3 years ago

Inverse engineering for fast transport and spin control of spin-orbit-coupled Bose-Einstein condensates in moving harmonic traps.

Ruan-Lei Jiang, E. Ya. Sherman, Xi Chen, Yue Ban., Jing Li

We investigate fast transport and spin manipulation of tunable spin-orbit-coupled Bose-Einstein condensates in a moving harmonic trap. Motivated by the concept of "shortcuts to adiabaticity", we design inversely the time-dependent trap position and spin-orbit coupling strength. By choosing appropriate boundary conditions we obtain fast transport and spin flip simultaneously.
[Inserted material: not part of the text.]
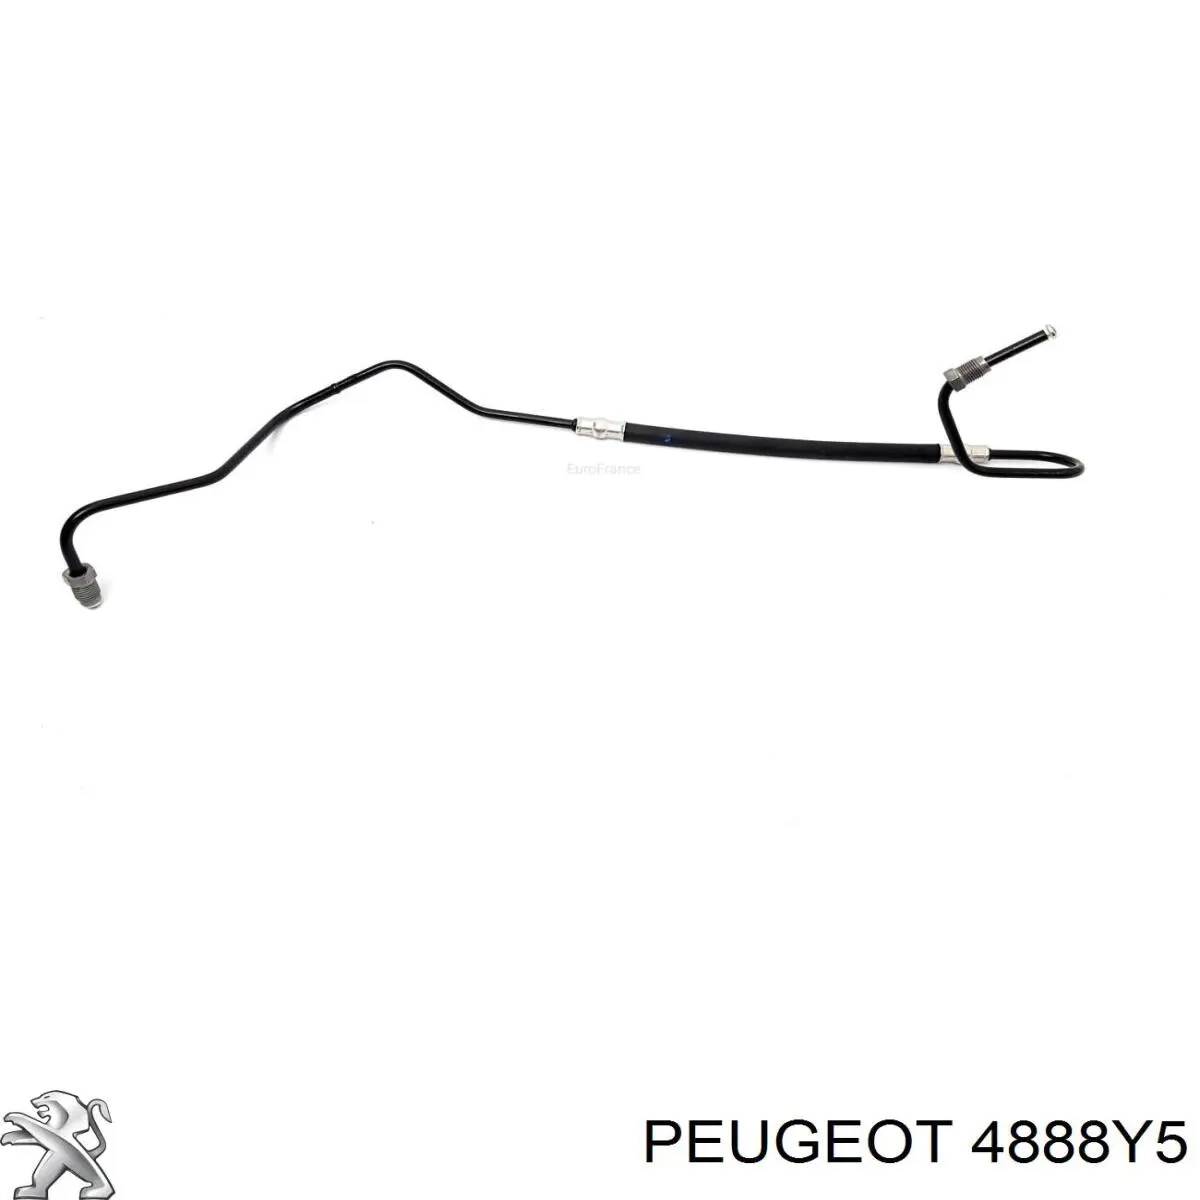 4888Y5 Peugeot/Citroen tubo do freio traseiro esquerdo

The non-adiabatic transport and relevant spin dynamics are illustrated with numerical examples, and compared with the adiabatic transport with constant spin-orbit-coupling strength and velocity. Moreover, the influence of nonlinearity induced by interatomic interaction is discussed in terms of the Gross-Pitaevskii approach, showing the robustness of the proposed protocols. With the state-of-the-art experiments, such inverse engineering technique paves the way for coherent control of spin-orbit-coupled Bose-Einstein condensates in harmonic traps.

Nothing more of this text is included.